The bourgeois media repeated whatever ridiculous claims the cops made, such as: “more than 50 injured officers.” The conservative interior minister of the state of Hesse reported that numerous police suffered “broken hands,” making it sound like they injured themselves while punching people. His boss, the Hessian prime minister Boris Rhein (CDU), noted, without evidence, that there were “a thousand demonstrators prepared for violence.” The German interior minister Alexander Dobrindt (CSU) said there is “no basic right that justifies violent action against our security forces,” again without evidence that such a thing happened. 

Anyone with social media, meanwhile, could watch endless scenes of police violence, such as heavily armed cops racing down the highway to beat people peacefully forming a blockade.

Rechtsruck

“Generation Deutschland” is supposed to be more professional than its predecessor, but it is no less racist or authoritarian.

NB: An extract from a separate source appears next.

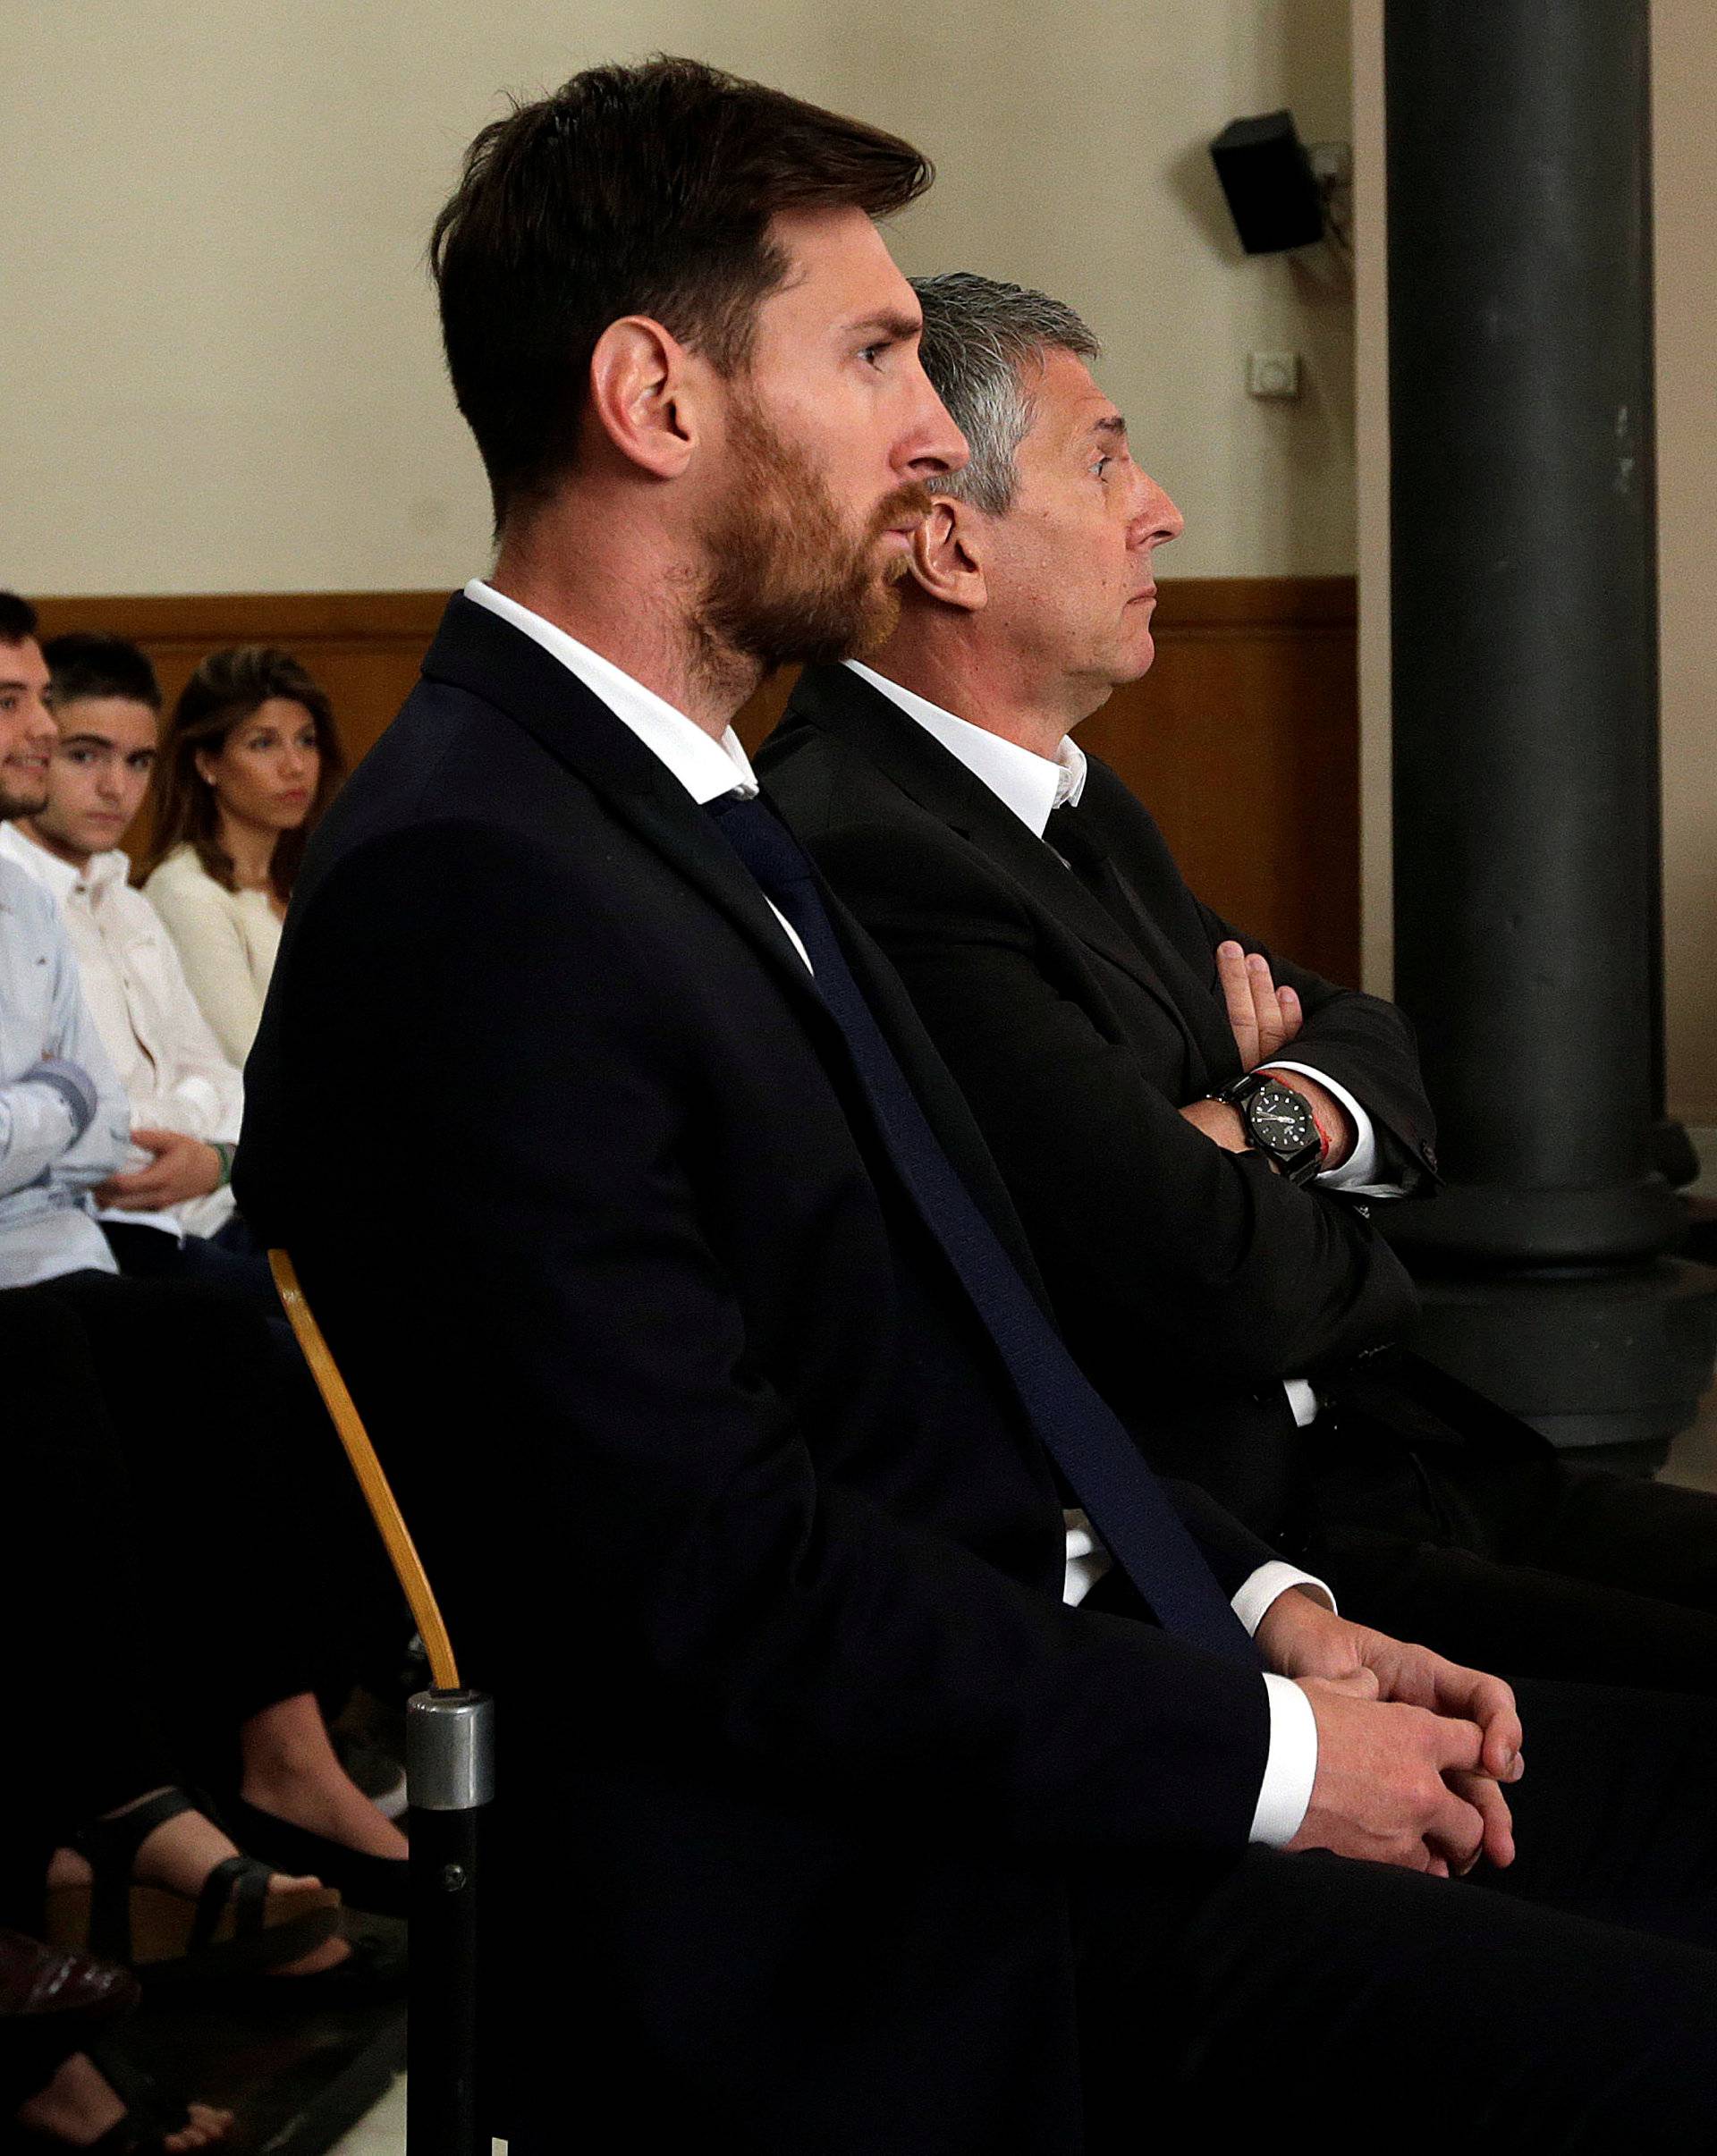 Barcelona's Argentine soccer player Lionel Messi sits in court with his father Jorge Horacio Messi during their  trial for tax fraud in Barcelona

The main change is organizational: the new youth group will be a component part of the AfD, rather than an independent association, making it easier for the party leadership to control.

From the stage in Gießen, far-right youth leaders called for “deportations, deportations, deportations”—or more professionally, for “remigration,” which means the same thing. Jean-Pascal Hohm, elected leader of the youth wing, maintains close contacts to the “New Right,” figures like Götz Kubitschek and the Identitarian Movement, who form a link between the AfD and full-on Nazi groups.

But it’s not only the AfD and its youth that are radicalizing. The main parties of the German bourgeoisie are all in fundamental agreement that the way to fight the AfD is to adopt most of its demands. So while chancellor Friedrich Merz (CDU) says that the AfD is antidemocratic, he is implementing the AfD’s proposals for closed borders and mass deportations.

Merz’s rearmament programs — with over a trillion euros for new weapons in the next decade, paid for by cutting funding for health care, education, and pensions — are a stimulus program for the Far Right. This isn’t just about the huge number of Nazis in the Bundeswehr, or the huge number of army officers in the AfD. Fundamentally, the militarization of society will strengthen the most authoritarian factions. As social services deteriorate, racist demagogues will have an easy time blaming “Ausländer” for crumbling schools (this is shown not just by German history, but also by recent studies).

The unprecedented repression against the Palestine solidarity movement, undermining longstanding democratic norms, paved the way for the violence in Gießen. The police could have decided that the violence needed to facilitate the AfD meeting was not “proportional”—but thanks to pro-Zionist Staatsräson (reason of state), police violence is more accepted that at any time in decades. 

Hope

Yet the images from Gießen show there is an alternative to the ruling class’s shift to the right. We don’t see young people adopting far-right and fascist ideas. Instead of a “Generation Deutschland” longing for a white homeland, we instead saw a “Generation Antifa” putting their bodies on the line to stop the Far Right. (The gender divide was hard to overlook too: the AfD meeting was an almost entirely male affair, while women and queers outnumbered at the blockades.)

Better yet, we see a “Generation Class Struggle”: there were lots of workers and unions in the protests in Gießen, which drew the ire of AfD leaders and right-wing publications. They like to present themselves as a party of “little guys,” but in reality, billionaires make up the backbone of the Far Right.

Young people in Gießen showed that we are the ones who can stop the AfD. Politicians of the “extreme center” claim to oppose the AfD even as they support genocide, attack our living standards, and prepare for new wars. Government policies are grist to the Far Right’s mill. It’s only by fighting against militarism and against the authoritarian turn that we can stop the AfD.

Red Flag is a weekly opinion column on Berlin politics that Nathaniel has been writing since 2020. After moving through different homes, it now appears at The Left Berlin.